There is a certain percentage of the population that falls into the category of being highly sensitive. The good news is that being highly sensitive gives you added insight and experience into a lot of different situations. The bad news is that most highly sensitive people suffer from not being able to “handle” the experience and information that comes to them through their sensitivity. They become distressed in situations where less sensitive people have no reaction at all.
Over stimulation physically, mentally and emotionally are common among the highly sensitive. Because of this over stimulation there is a pressing need to rest and recharge on a regular basis where if that need is ignored often times it results in depression, sadness and anxiety to name just a few conditions. Some people are so sensitive that they over empathize with people and actually experience what the other people are experiencing. If they are with positive, healthy people then that is a good thing but all too often they fall prey to their over sensitivity/empathizing in negative situations and experience the negativity coming from other people , things and places. Healthcare providers are particularly susceptible to this and many of them actually take on the physical, mental and emotional distress their patients present with.
So how does the sensitive person toughen up? I’ve found that many highly sensitive people lack a core focus. What I mean by that is that they are not centered and connected to themselves and bodies. When our attention is not in our bodies it tends to drift and many times it drifts into negative situations. At that point the highly sensitive person will mistake someone or something else’s experience for their own.
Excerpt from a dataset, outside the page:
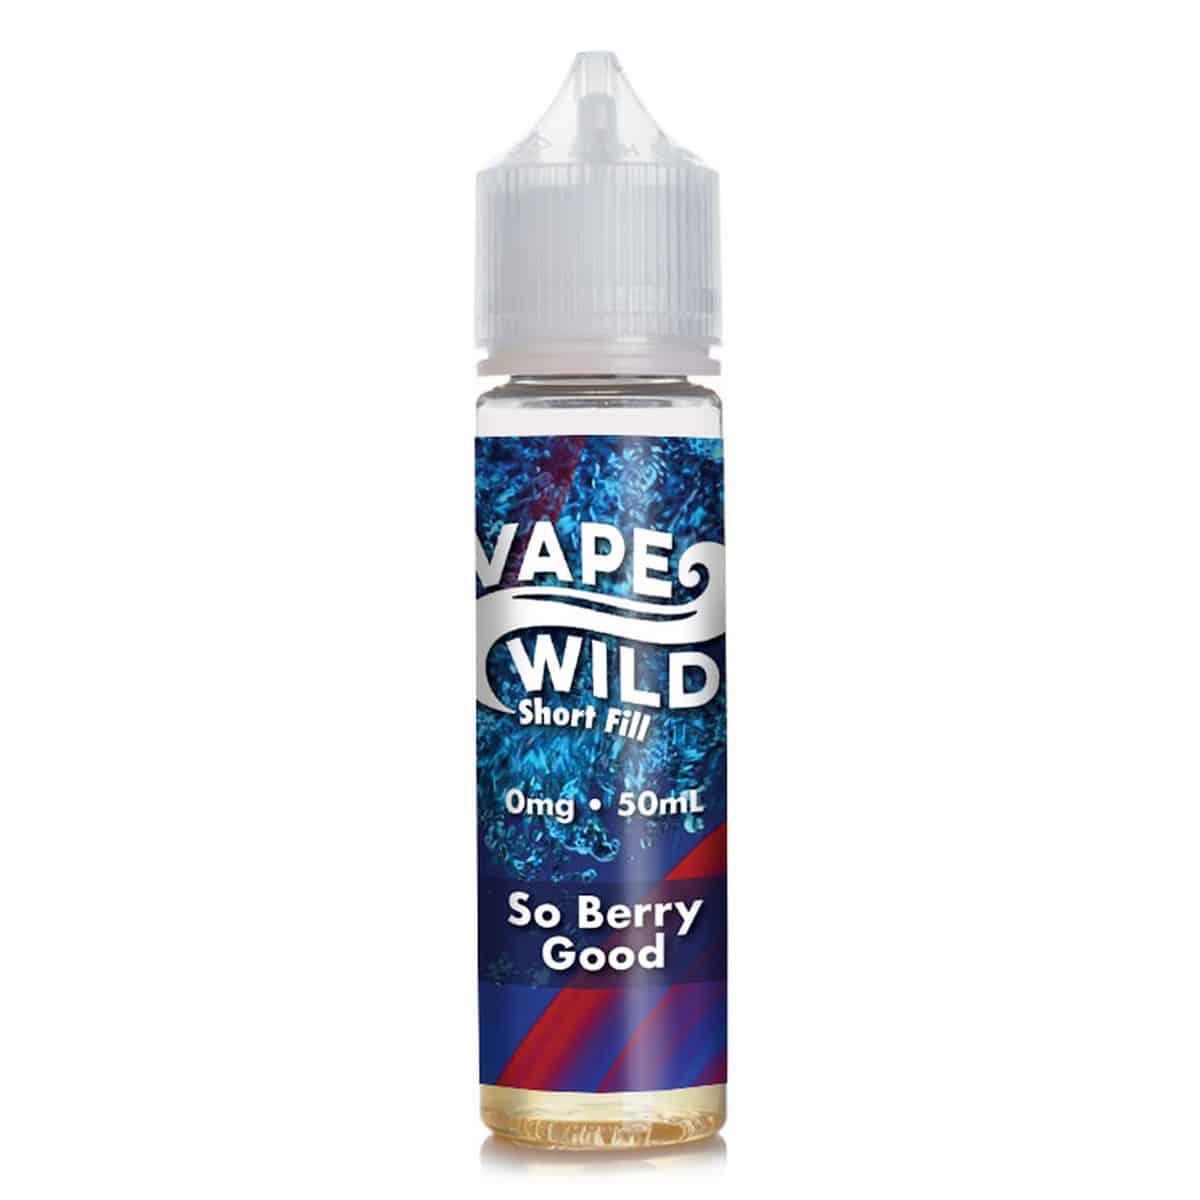 So Berry Good Vape Wild Shortfill 50ml
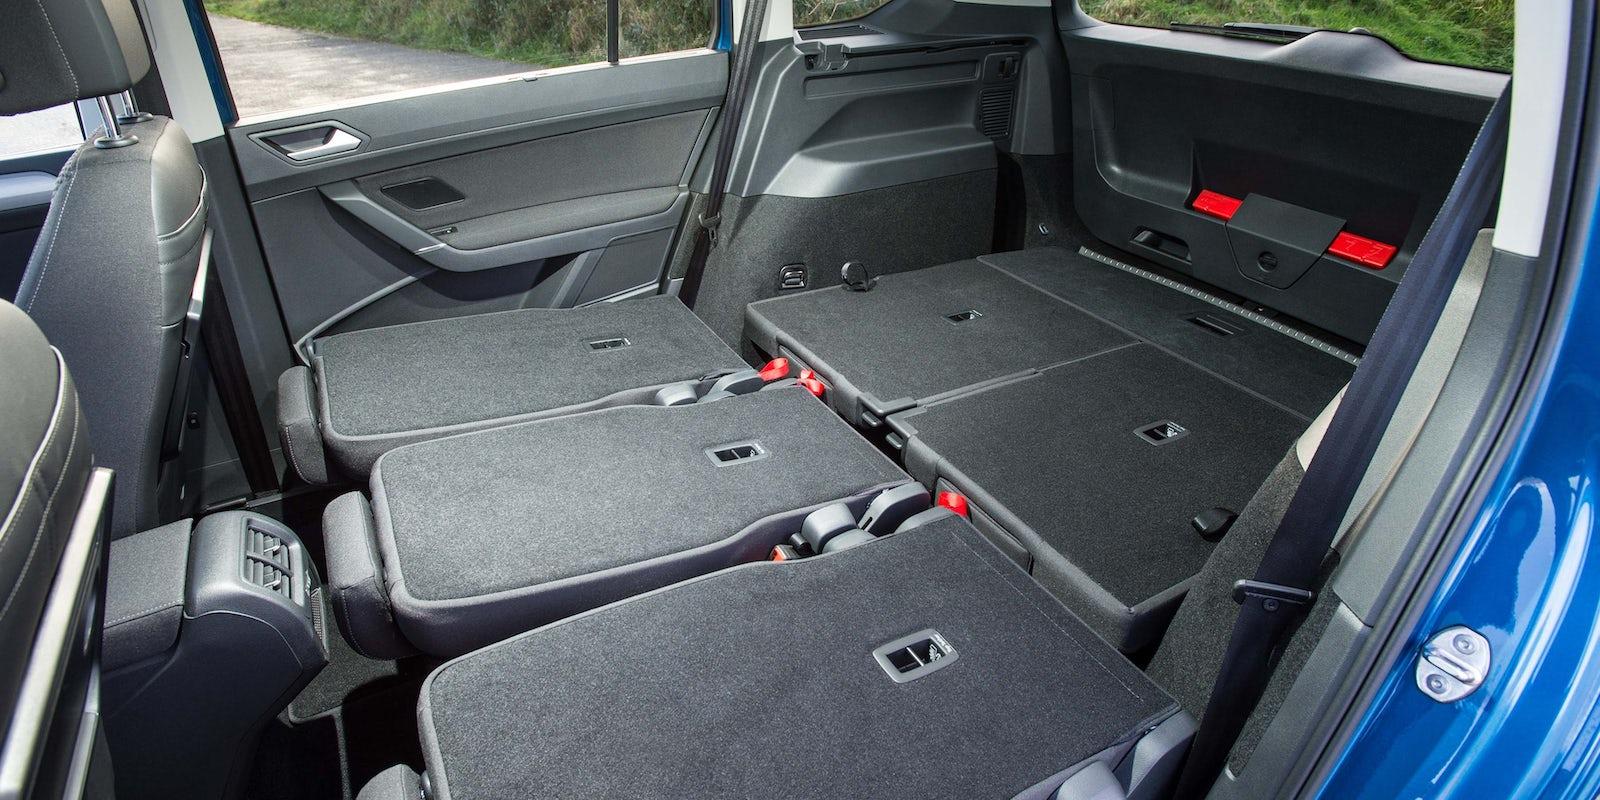 Volkswagen Touran Interior And Infotainment Carwow

When that happens the highly sensitive person will absorb the “other” experience.
Until lately there has been no widely available training to help highly sensitive people “toughen up” and create a solid centered core in their own body. Mindfulness is the training that connects people to their own bodies and allows them to remain connected in the face of negativity. A mindful person will recognize and experience negativity as something other than who they really are and by focusing on the anchor of their own body will be able to “toughen up” and not be susceptible to the negativity coming from elsewhere. Mindfulness, or keeping ones’s attention in the present moment by being fully connected to the body has been around for a long time but has only relatively recently become known enough to be available to the broader population. Helping highly sensitive people “toughen up “ is only one of the many reasons to practice being present.
Toughening up is for losers. I say be hypersensitive all the time.
Mindfulness training can blend “toughness” and sensitivity without losing one’s center and connection to the body.